Exclude the pictures and repeat all of the data exactly.

## Information provided
^^^^

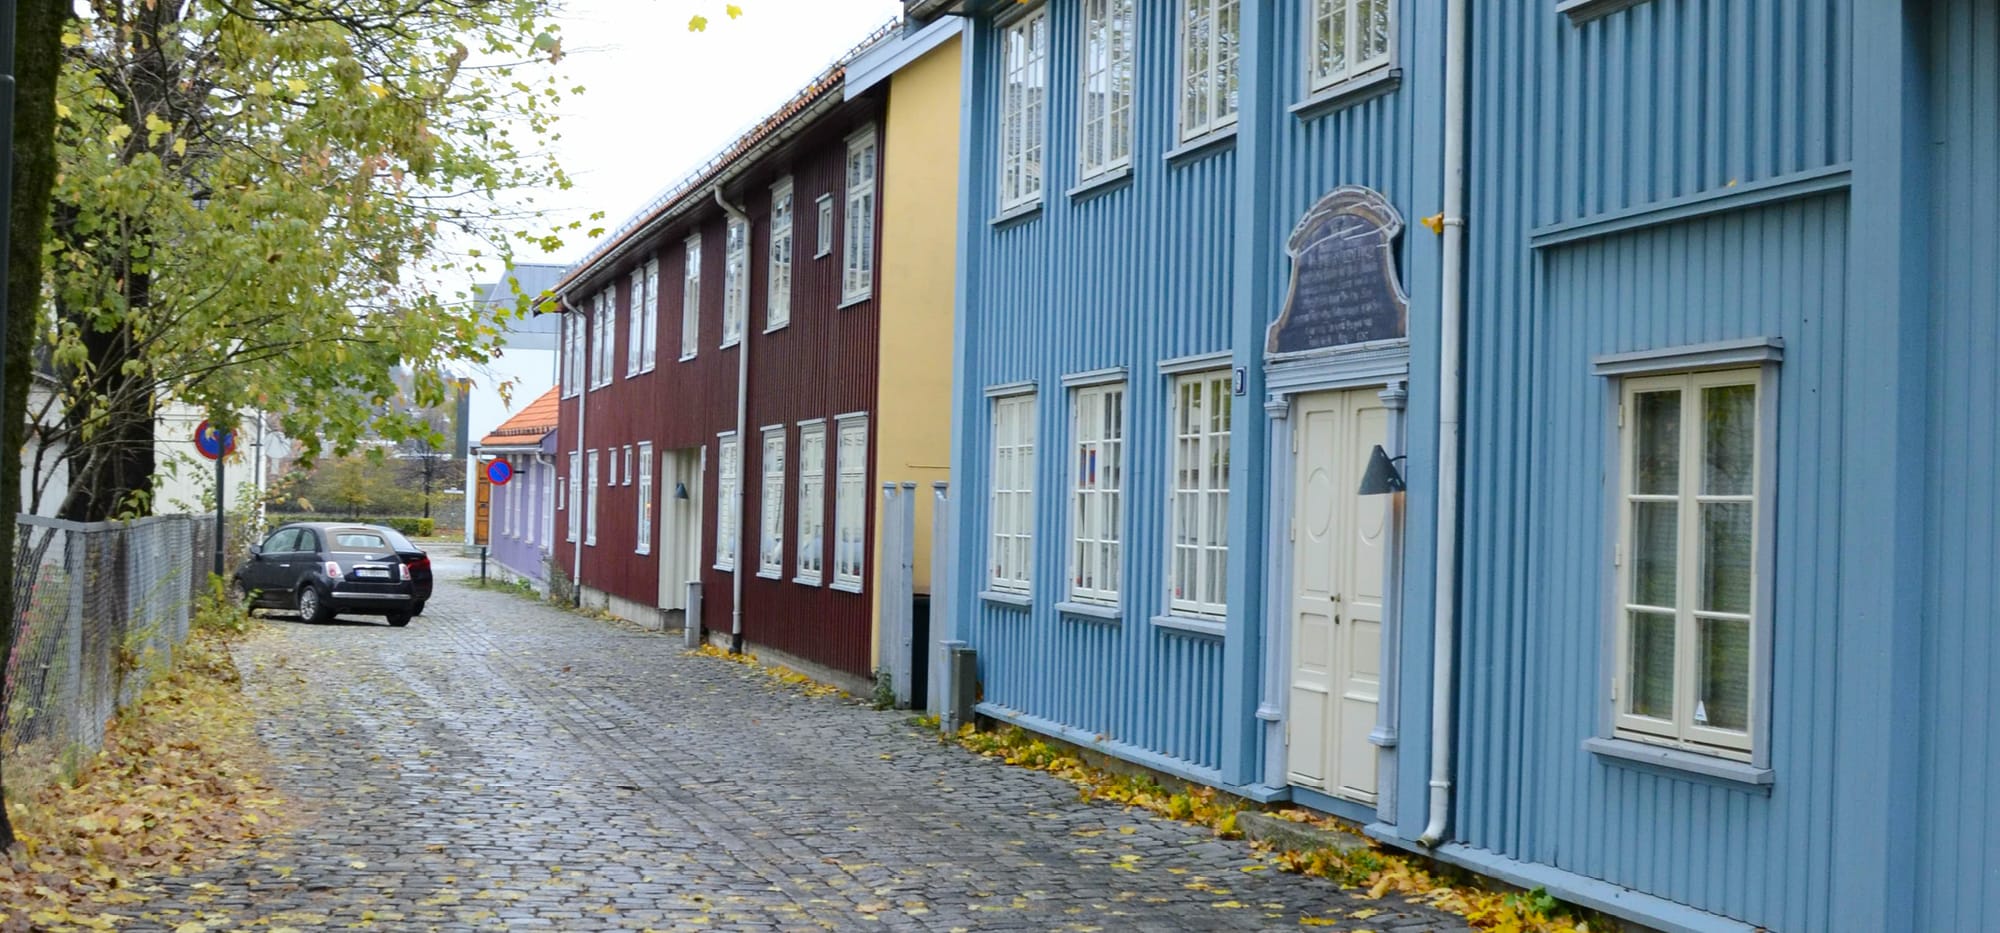 Boligmiljø i Drammen med ulike farger på husene.
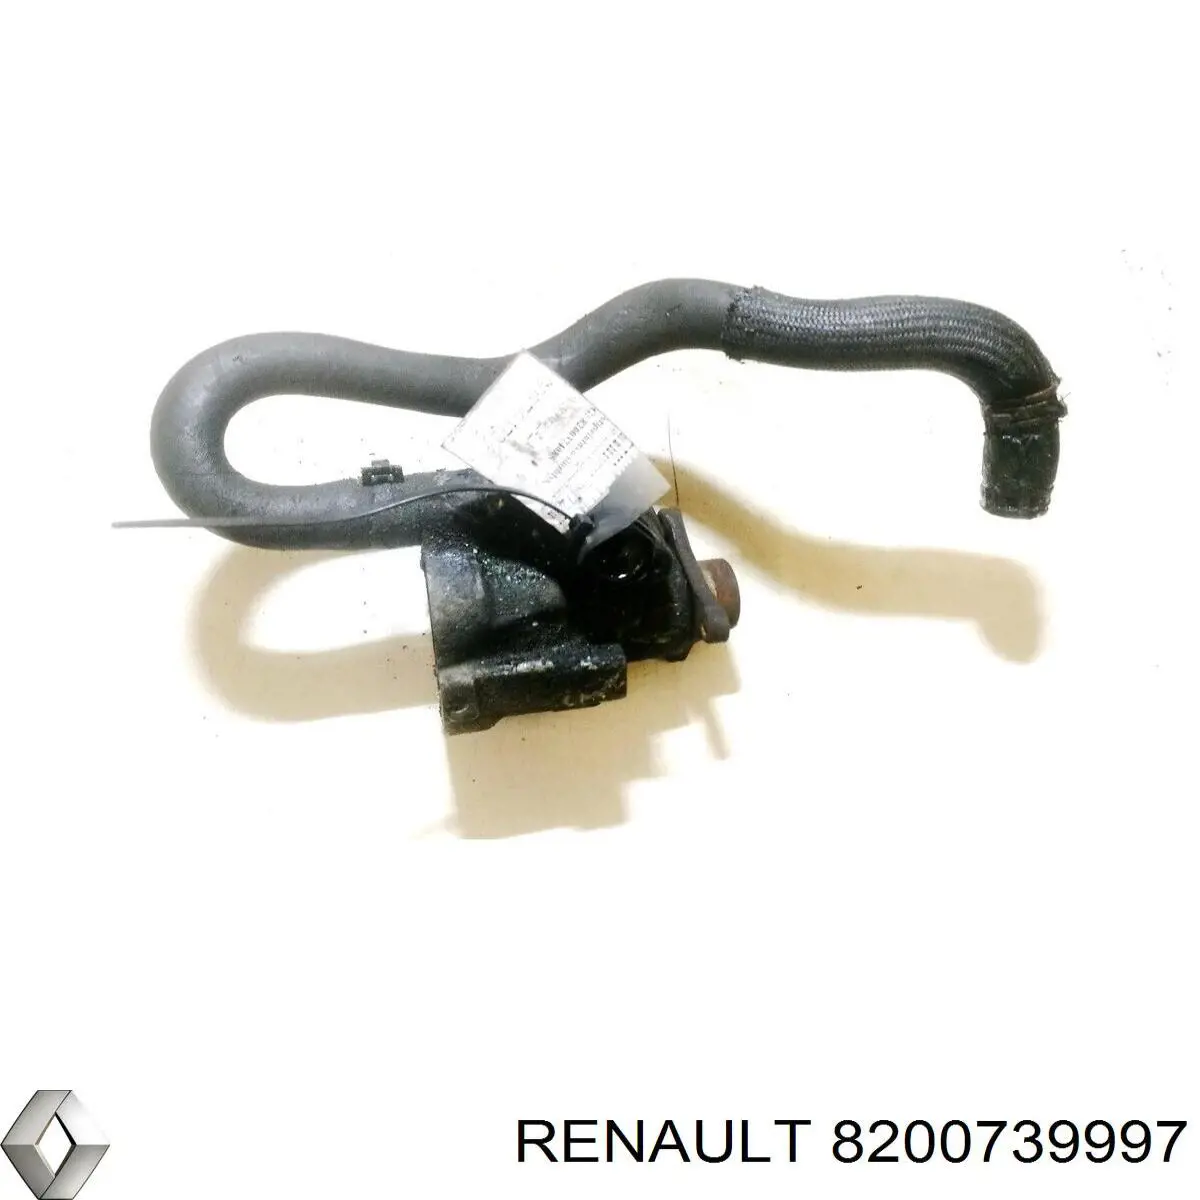 8200739997 Renault (RVI) cubo da polia de bomba de impulsionador hidráulico (direção hidrâulica assistida)
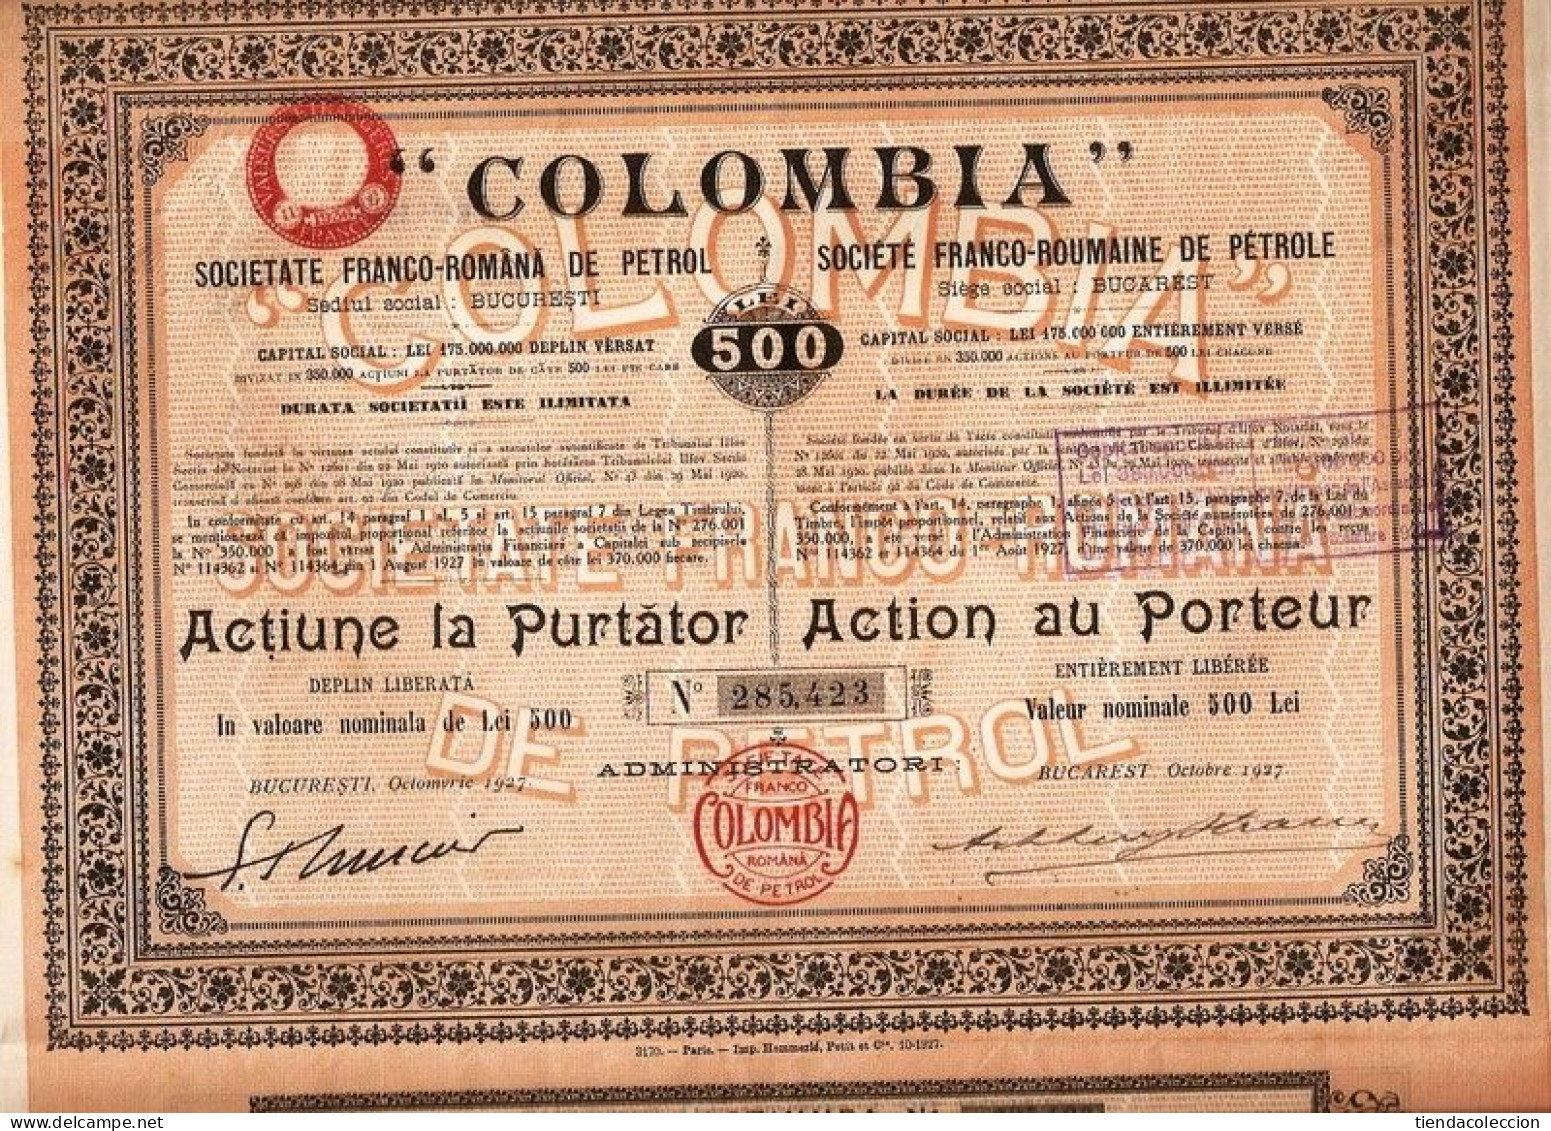 "COLOMBIA" SOCIEDA FRANCO-RUMANA DE PETROLEO - Oil

^^^^

## Result for this task
 Boligmiljø i Drammen med ulike farger på husene.
 8200739997 Renault (RVI) cubo da polia de bomba de impulsionador hidráulico (direção hidrâulica assistida)
 "COLOMBIA" SOCIEDA FRANCO-RUMANA DE PETROLEO - Oil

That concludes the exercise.